The clinical test of the infant formula containing additional inulin and FOS showed that a diet with this formula had no statistically significant effects on the anthropometric factors of growth and development of the infants (length, weight) compared with the control group of breastfed infants. In addition, the development of the intestinal flora, which (especially the bifidobacteria) is less developed in children fed exclusively on adapted formula [34], was at the level of breast milk with the examined formula. The numbers of microorganisms found in the FF group were statistically similar to those found in the control group, except for bifidobacteria, which were present in significantly greater numbers. It is important that the number of bifidobacteria in infants feeding on formula is as high as possible, since these organisms protect the infants from allergies and infections [4, 5]. The number and consistency of stools did not statistically differ between the two groups of infants, which is important since FF infants often pass firmer stools than breastfed infants [35].

Based on the results obtained during the clinical and in vitro tests conducted during this study, it can be concluded that the infant formula containing additional prebiotics (inulin and FOS) and mature breast milk have similar bifidogenic effects. Infant formula containing additional inulin and FOS obtained from natural sources is safe for use, it favorably influences the growth and development of infants, is well accepted, and favorably influences the development of good microflora and stool consistency.
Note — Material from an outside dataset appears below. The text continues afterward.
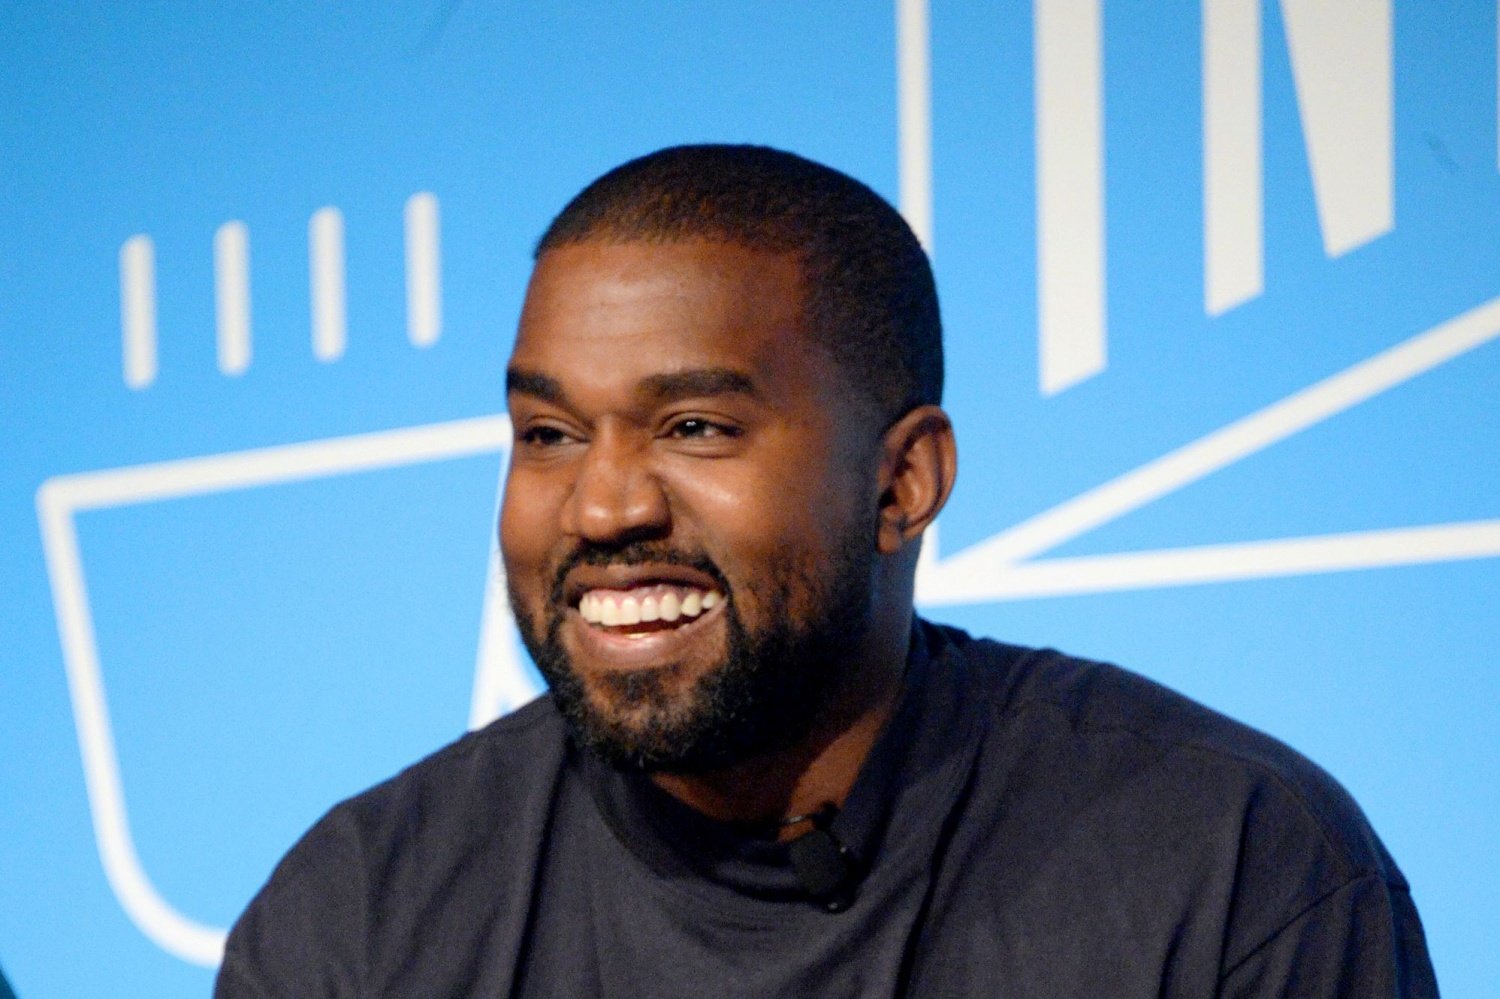 Kanye West Is Over Record Labels Ignore the Rapper Despite His Completed Latest Album

The artificial system developed to estimate the bifidogenic effect in vitro can be used to rapidly and objectively determine the bifidogenic effect of infant formula compared to mature breast milk as a reference substrate. Under controlled conditions, the in vitro test is a rapid method for the determination of the bifidogenic effect, as it takes just 48 h. Microbiological and biochemical indicators determined in the test are suitable for following the process of in vitro bifidogenesis. The dry biomass of bifidobacteria is the best indicator, the use of which enables the bifidogenic effects of infant formula to be compared, and it is one of the most important parameters of the biological value and overall quality of these foods. The Bifidogenic Index conducted as a discriminatory criterion for determining the bifidogenic effect, clearly categorizes and ranks the tested products.

The in vitro test described in this study allows the bifidogenic effect of infant formula to be rapidly and objectively confirmed in a controlled manner, in contrast to a clinical study, which lasts several months and depends on a large number of factors, many of which cannot be influenced or controlled. However, this in vitro test cannot reproduce the natural conditions in the gut of unweaned infants. Therefore, it is also necessary to clinically test new formula, and determine their acceptability and biological value. For these reasons, this in vitro test should be used in the first phase for confirmation of the bifidogenic effect. It can also be employed as a discriminatory test to compare and rank different infant formula.